At a broad level, what then does this product evolution with loans and private debt funds signify? Just how important an opportunity is this for the asset management industry going forward?
“I think for the European asset management industry this is a clear structural opportunity over the medium term provided the fundamentals remain structural,” says Bocci. “The behaviour of banks is predictable to some extent, balance sheets are shrinking and NPLs are at record high; there is, quite simply, a structural need for financing SMEs and whilst that exists it will support this alternative funding market. That’s why we think the asset management industry has responded quite significantly with the issuance of a wide number of new funds.
“We do not think the banking issue will be solved any time soon but at the same time SME’s cannot afford to stop innovation, potential M&A activity etc, with respect to their competitors on a global basis.”

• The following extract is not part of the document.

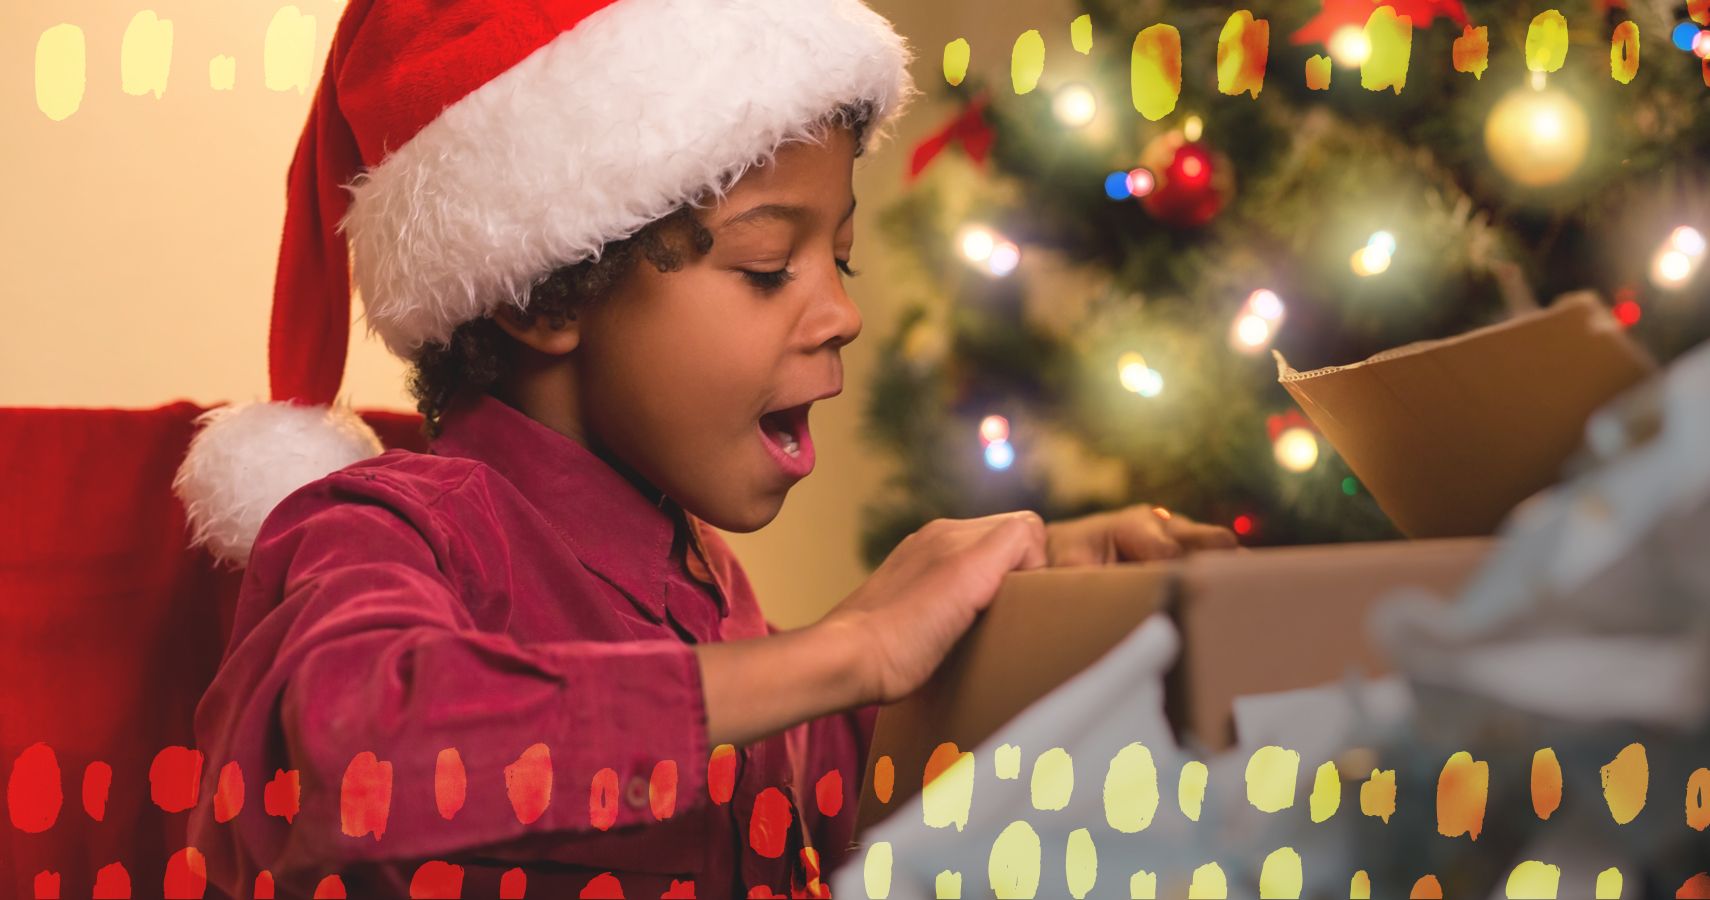 How To Explain To Your Child That Santa Might Not Give As Many Gifts This Year

In total, 29 per cent and 17 per cent of all funds (both open and closed-ended) analysed in the report are domiciled in Luxembourg and Ireland. Guidetti confirms that they continue to see more and more managers in the process of registering and launching new funds in these two domiciles (and to a lesser extent in offshore domiciles including Cayman, Guernsey and Jersey) and that such a trend will continue in 2014 and beyond. Moreover, recent introduction of the AIFM Directive will facilitate cross-country distribution across Europe in a more competitive environment.
Most of the largest asset managers are launching dedicated funds for their global investor base. Keep in mind that in the European market there’s been a good flow of new assets into the market as a consequence of these fund launches. There is a lot of interest among investors for these specialised debt funds.
“There’s clearly a widening of the product offering and that will encourage investors to allocate fresh assets into this market going forward,” says Guidetti.
Factor in the changes being made to the European regulatory framework in respect to ELTIF, to support both institutional and retail savings allocating into long-term asset classes, and the overwhelming conclusion one arrives at is that Europe’s debt market is set to evolve at pace over the coming years.
And that’s good news for all parties concerned: asset managers, investors, and of course, the SMEs themselves.